In recent times, I’ve had the privilege to know a number of families who have been blessed by new born babies. I got intrigued when I found out during my visitations, that no matter the tribe or location, there was still the ‘old school’  Omugwo practice going on; whether in the modernized way of foreign baby care products or the local way with black soap and white clay.

The main reason for the practice is to help the nursing mother regain ‘ her body back’ this means regaining both her strength from being 9 months pregnant and also regaining her physical appearance especially her skin color. Most women experience darkening of their skin (chloasma) during pregnancies and this treatment done at this point would help deal with that. There is also the help with getting the bulging stomach flat again; most young mothers today seem to agree with this tradition especially for this part of losing the pregnancy tummy.

So basically apart from having to look after the baby, most of the treatment feels like your everyday spa treatment. It involves a lot of massages both the regular massages and hot water treatments. Even the babies get to be massaged too. Massaging the baby is believed to make their bodies more flexible.

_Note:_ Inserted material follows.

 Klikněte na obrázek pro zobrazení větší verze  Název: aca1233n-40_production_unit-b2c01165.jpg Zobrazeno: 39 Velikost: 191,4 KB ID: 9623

A special kind of diet is usually adhered to during this period. A lot of soupy like food is given to the mothers, especially the popular one by the Igbo tribe and surrounding tribes known in English as the yam pepper soup; it’s basically yam in a spicy soup with lots of fish. The idea of feeding a nursing mother with lots of soupy meals is to help aid in the production of breast milk for the baby, also it is believed that the spicy meals help to loosen and flush out unwanted blood clots from the mother’s body that would have occurred during pregnancy. The mother is also made to rest a lot at this point. The idea is to help her regain her strength. Of course there is also tying the tummy  with wrapper or in the modernized way with girdles after it has been massaged with hot water during the hot water treatment.

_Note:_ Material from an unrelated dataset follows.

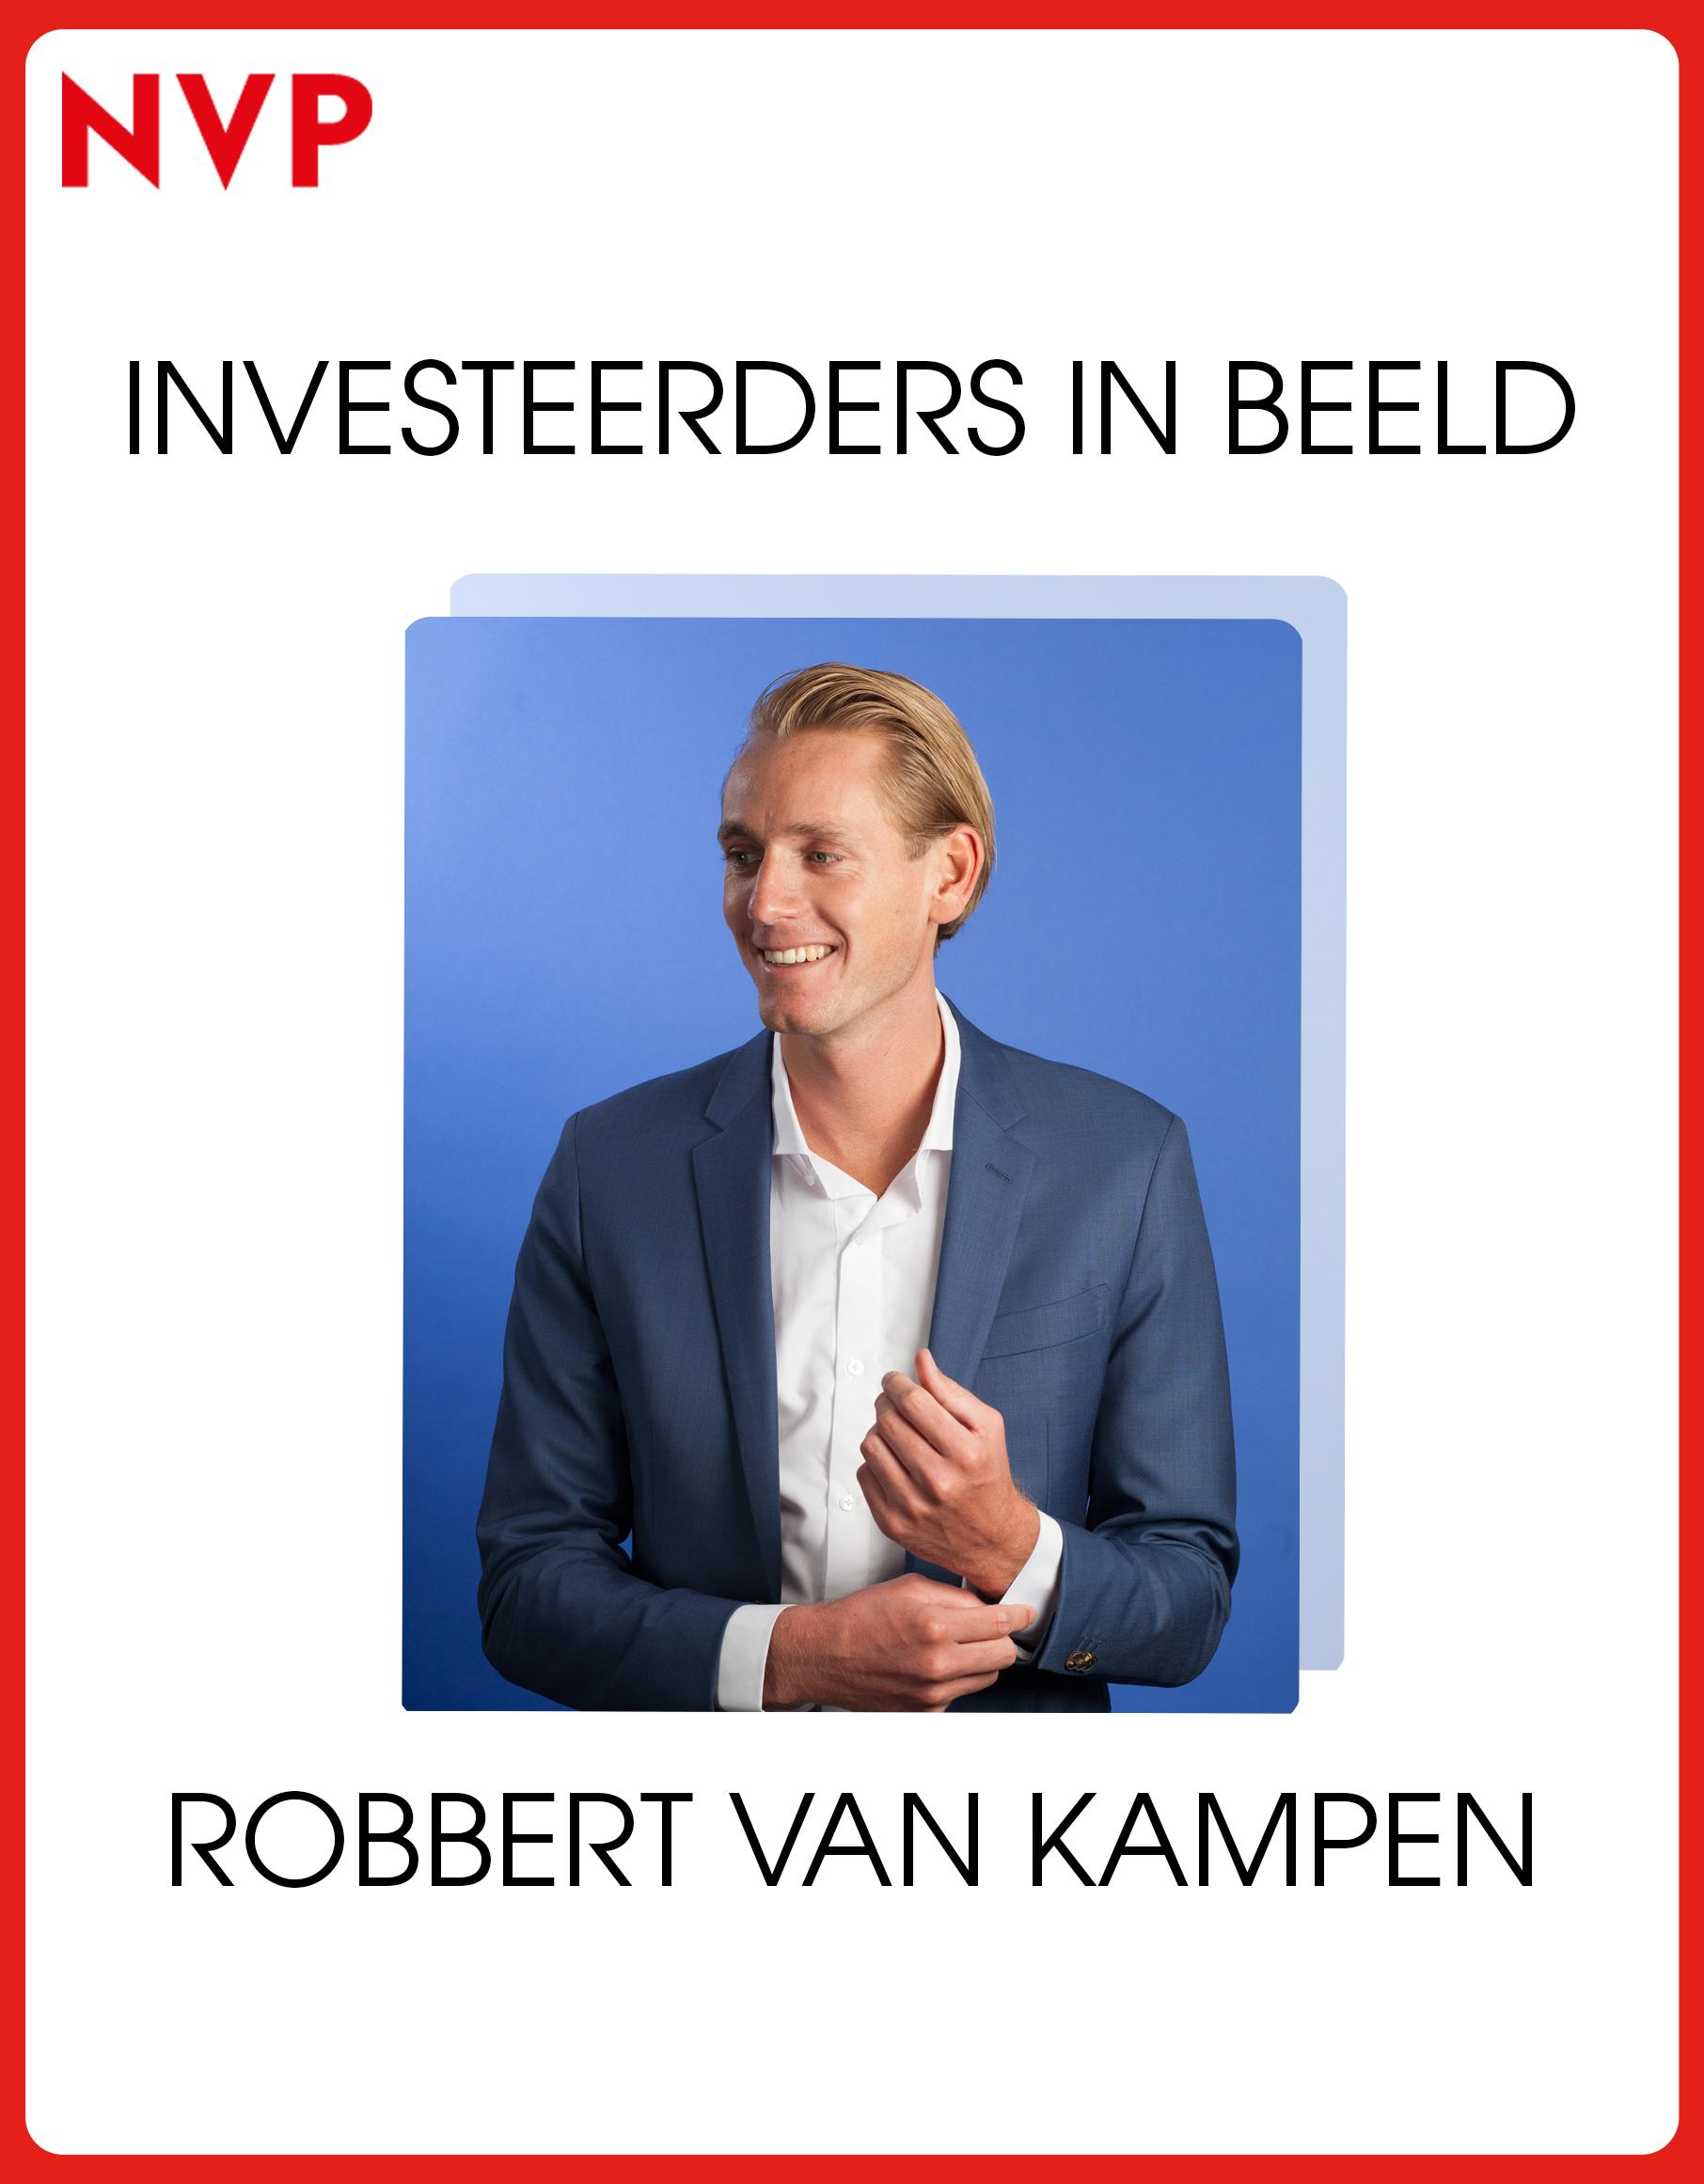 Investeerders in beeld

Most young women are afraid of this tradition because they feel it is what causes weight gain after child birth but most I have come to find out really appreciate the treatment once they’ve experienced it. I had a young woman say, she really loved the hot water treatments as it helped her with the bodily pains she felt after child birth.

It made me realize that God had blessed our ancestors with ways to solve problems even though they weren’t “educated” in the formal way we are today and most of these ways like this one is really effective but sadly it is slowly getting extinct. Though most of today mothers had experienced these ways, I wonder how many will be able to do it for their daughters/ daughter in laws in future. Some one might say ‘how are the people in other counties coping without all of these? But I think the question really is how do we preserve this? At least I heard a lot of women say they benefited from it. Who knows maybe a YouTube video would be it, Lol!